Hsu Research VTF-15H MK2 and VTF-3 MK5 HP Subwoofer Reviews
AT A GLANCE
Tremendous bass output
Excellent value proposition
Highly flexible setup controls
Won’t win any beauty contests
Both subs have plenty of bass per dollar and offer lots of adjustments to fine-tune the performance to fit your room.
Robert Southey was an English poet and author whose version of the fabulous children’s story “Goldilocks and the Three Bears” was the first one published, in 1837. While the tale has entertained kids for 177 years, little did Southey realize that his story is a fitting metaphor for modern subwoofers. Like the three bears’ porridge, chairs, and beds, subwoofers come in all shapes and sizes, and finding the one that’s “just right” for your particular room can sometimes require sampling different subs and room positions in order to get the best bass response.

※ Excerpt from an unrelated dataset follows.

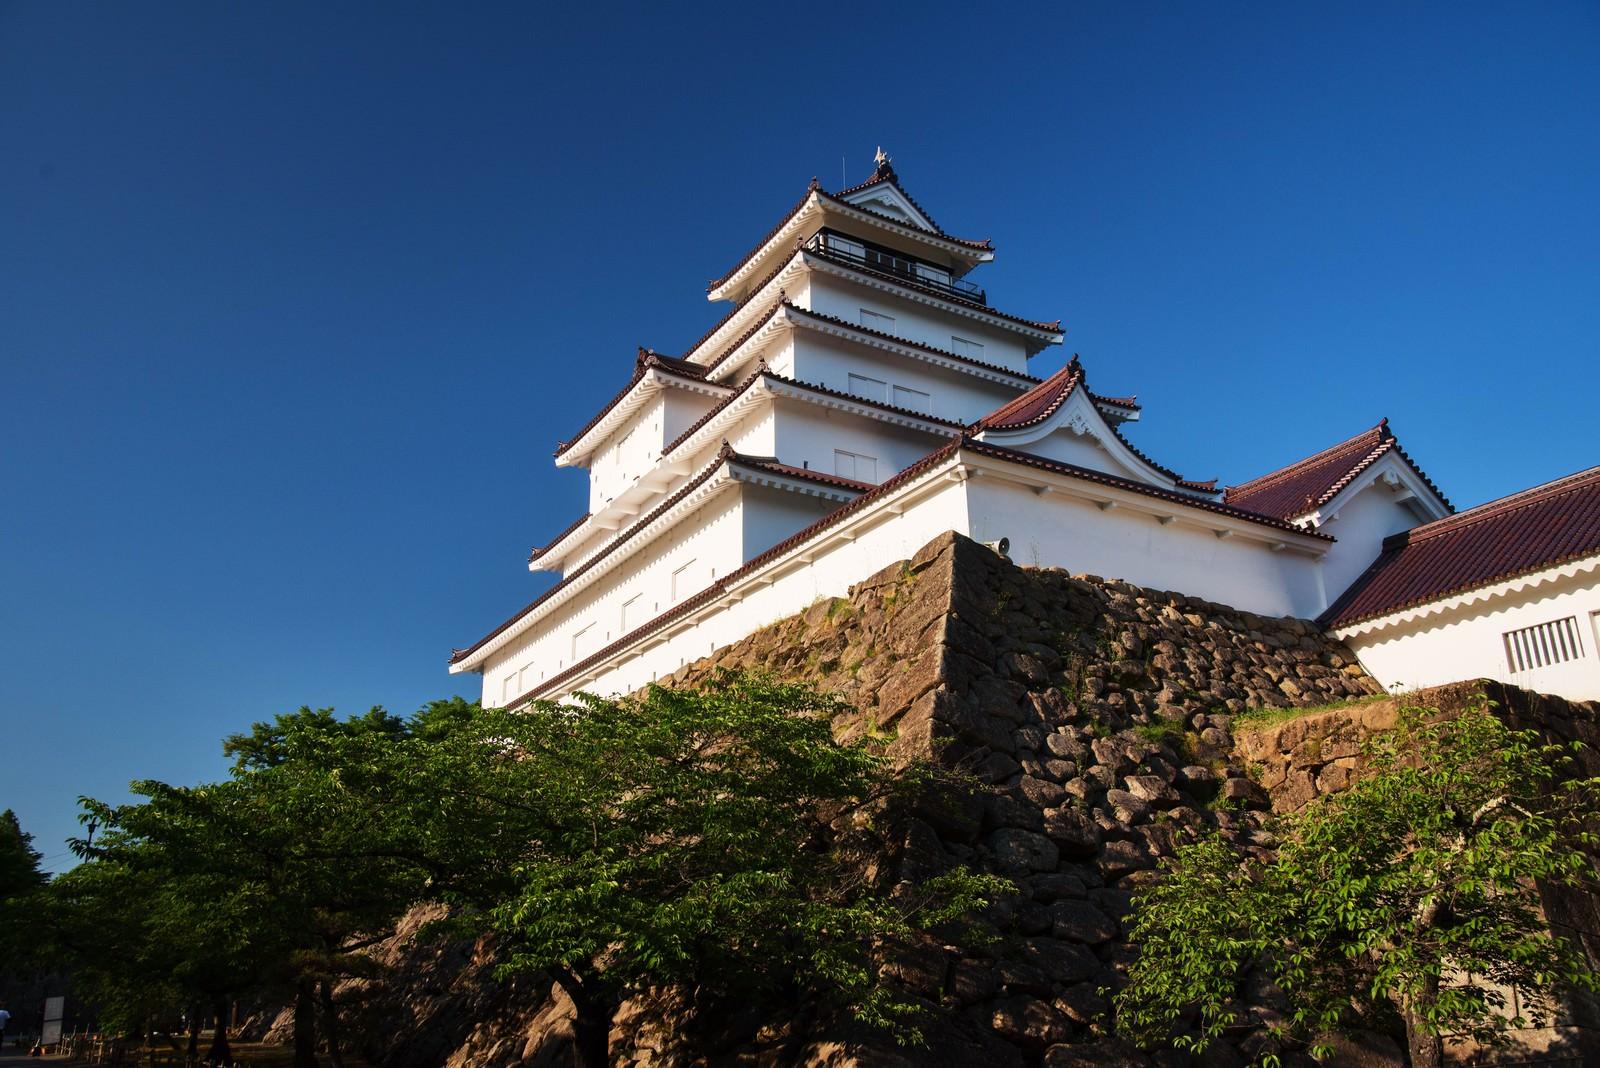 「会津の鶴ケ城」の写真
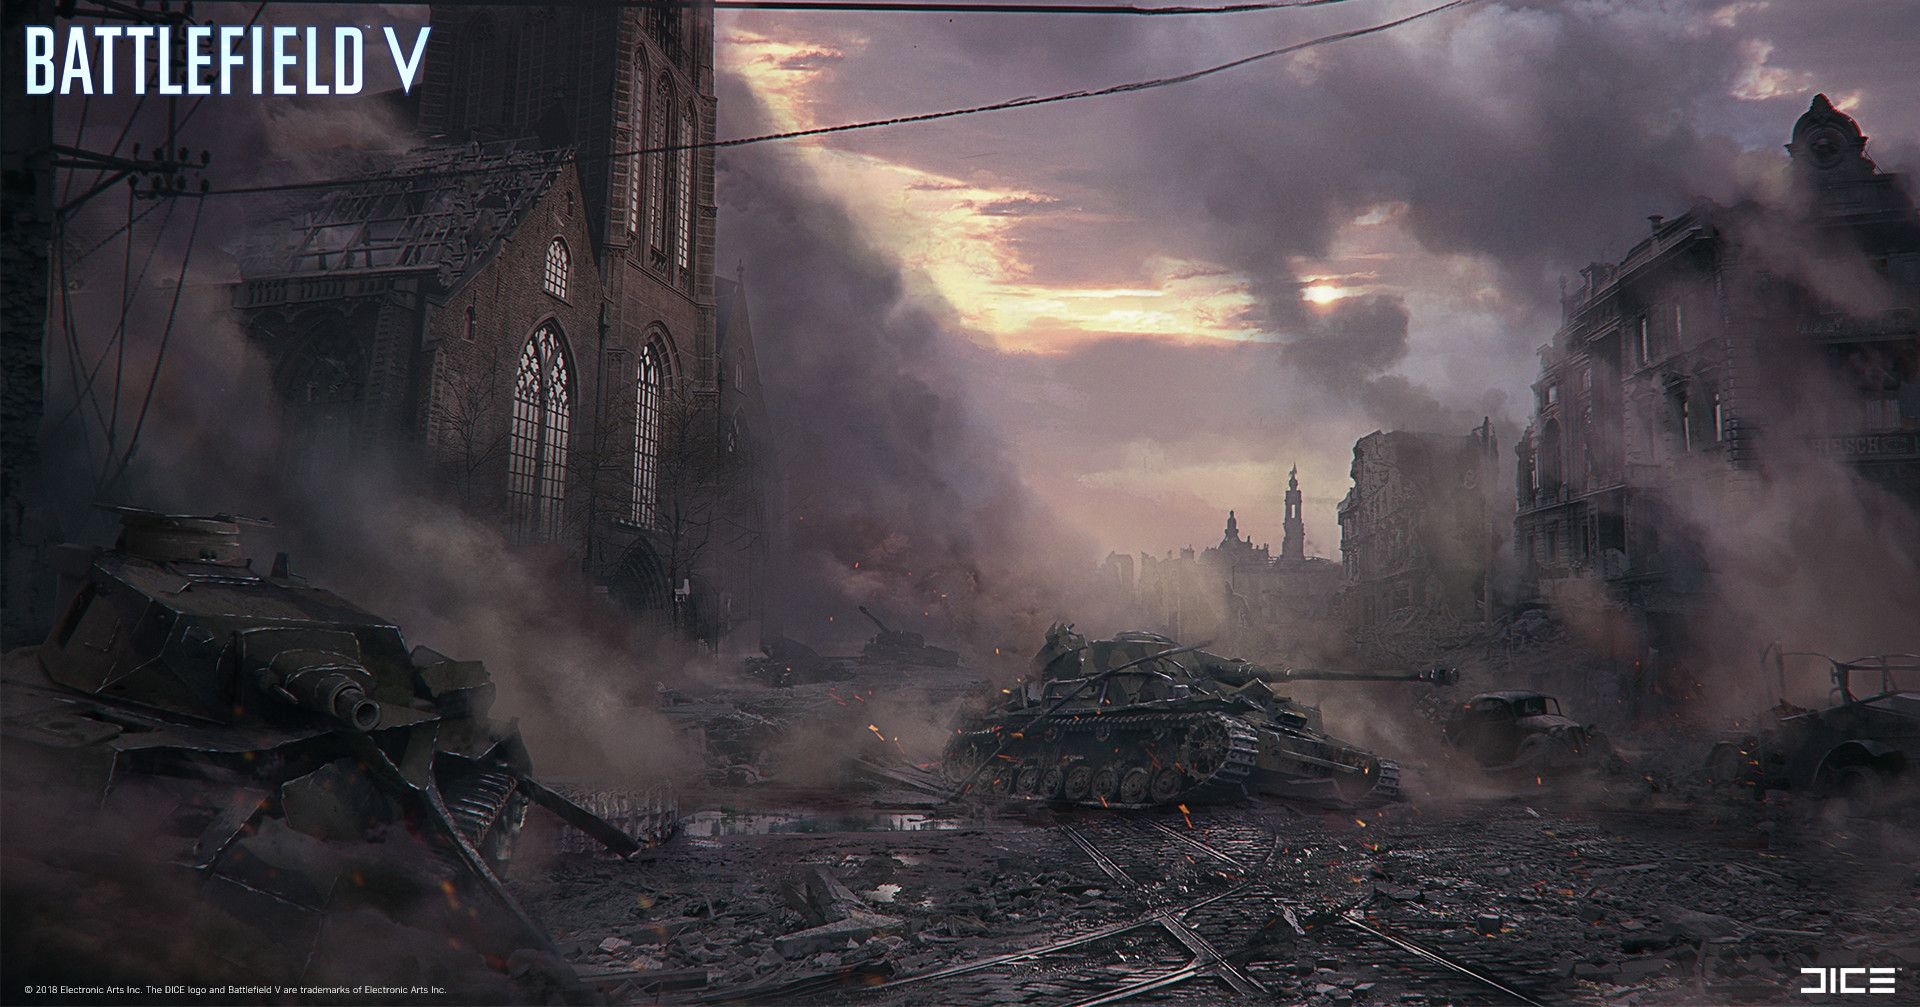 ArtStation - Battlefield V - Concept Art, Johannes Palmblad | Concept art, Battlefield, Art

Poh Ser Hsu immigrated to the United States from Singapore to get his graduate degree in civil engineering in the early 1980s and began making subwoofers soon after. Like many American success stories, Dr. Hsu turned his hobby into a new career in 1991 when he started selling his cylindrical subwoofers via mail order. And when use of the Internet exploded later in the decade, he was in the right place at the right time to sell his goods to a much wider audience, as the home theater boom was just beginning with the launch of DVD. He eventually moved away from tubular designs and into more conventional boxes, but his goal of reproducing deep and accurate bass response has never wavered.
Hsu Research offers nine subwoofers via their Website. The two newest models, the flagship VTF-15H MK2 and the step-down VTF-3 MK5 HP, up the ante from their previous offerings with a beefier 15-inch woofer—almost 7 pounds heavier than the woofer in the original VTF-15H that was well reviewed by S&V’s predecessor Home Theater in 2011—and a 250-watt jump (600 watts rated) in amplifier power.
Pricing on the two subs definitely falls into the high-value range of high-performance subwoofers (though you’ll cross the $1,000 threshold when you factor in shipping, at about $1 per pound, for the VTF-15H MK2). What’s more, Dr. Hsu’s subwoofers are a tinkering audiophile’s dream, due to a plethora of setup options that allow you to customize the settings to your particular room, in order to get the most boom for your buck.
Differences are few between the two subs. In fact, they share the same woofer and BASH amplifier. The VTF-15H MK2 includes balanced inputs (absent from the VTF-3 MK5 HP), and the cabinet size is 4.5 inches deeper and 0.75 inch wider. Theoretically, this means it should have slightly deeper bass extension, play a little louder, and (due to its larger ports) have less deep-bass compression and port noise. Both subs come in one color and finish—black satin—and neither would fall into the dainty category, with the larger sub weighing in at 110 pounds and its smaller sibling at 85. Needless to say, you’ll be pushing these babies around the room in lieu of lifting them—and you’ll probably want a friend there to help you.
The custom-built BASH amplifier is rated at 600 watts, with a claimed peak output of 2,000 watts. The VTF-15H MK2 has two matching triangular ports. You can leave both open, close one, or block both with the supplied foam inserts to make the sub a sealed enclosure. To optimize the sub, there’s a two-position EQ switch on the back panel offering five different modes of operation for maximum headroom or maximum extension, depending on how you set the EQ switch and utilize the foam plugs. The only warning in the manual is to not operate the sub with two ports open and set to EQ1, as this can damage the driver and void the warranty.
The VTF-3 MK5 HP offers dual ports as well—one 3 inches in diameter and the other 4. If you’re going to run the sub with only one port open, you’ll want to seal the 3-inch port and use an EQ1 setting for max extension or EQ2 for max headroom.
Both subs offer an adjustable Q control on the amplifier to manipulate headroom, response, and better leverage room gain (continuously adjustable from 0.3 to 0.7.) The rule of thumb when dialing in the Q control is that the lower the Q, the tighter the bass. (Secondarily, says Dr. Hsu, the higher the Q, the less deep-bass headroom you’ll get.) Additionally, both subs offer similar back panels that include speaker- and line-level inputs (plus the aforementioned balanced inputs on the VTF-15H MK2), an on/auto/off power switch, a phase adjustment, and a volume control.
Setting Up Is Hard to Do
I’ve had many subwoofers in my room throughout the years, and my go-to spot is the front left corner. However, neither of the Hsu subs would fit there, so I needed to find a new location. Fortunately, Dr. Hsu personally delivered the subs to my house and was kind enough to help me unpack the VTF-15H MK2 and customize it to my room.
Unfortunately, my preferred listening spot is located in a bass null, which can cause setup issues with subs—one of the reasons why I employ Audyssey correction in my pre/pro. But when reviewing speakers, I try to find the best position for them and don’t employ equalization until the very end of the evaluation period, so that I don’t colorize the testing. That said, Dr. Hsu and I had a heck of a time finding the right placement for the sub.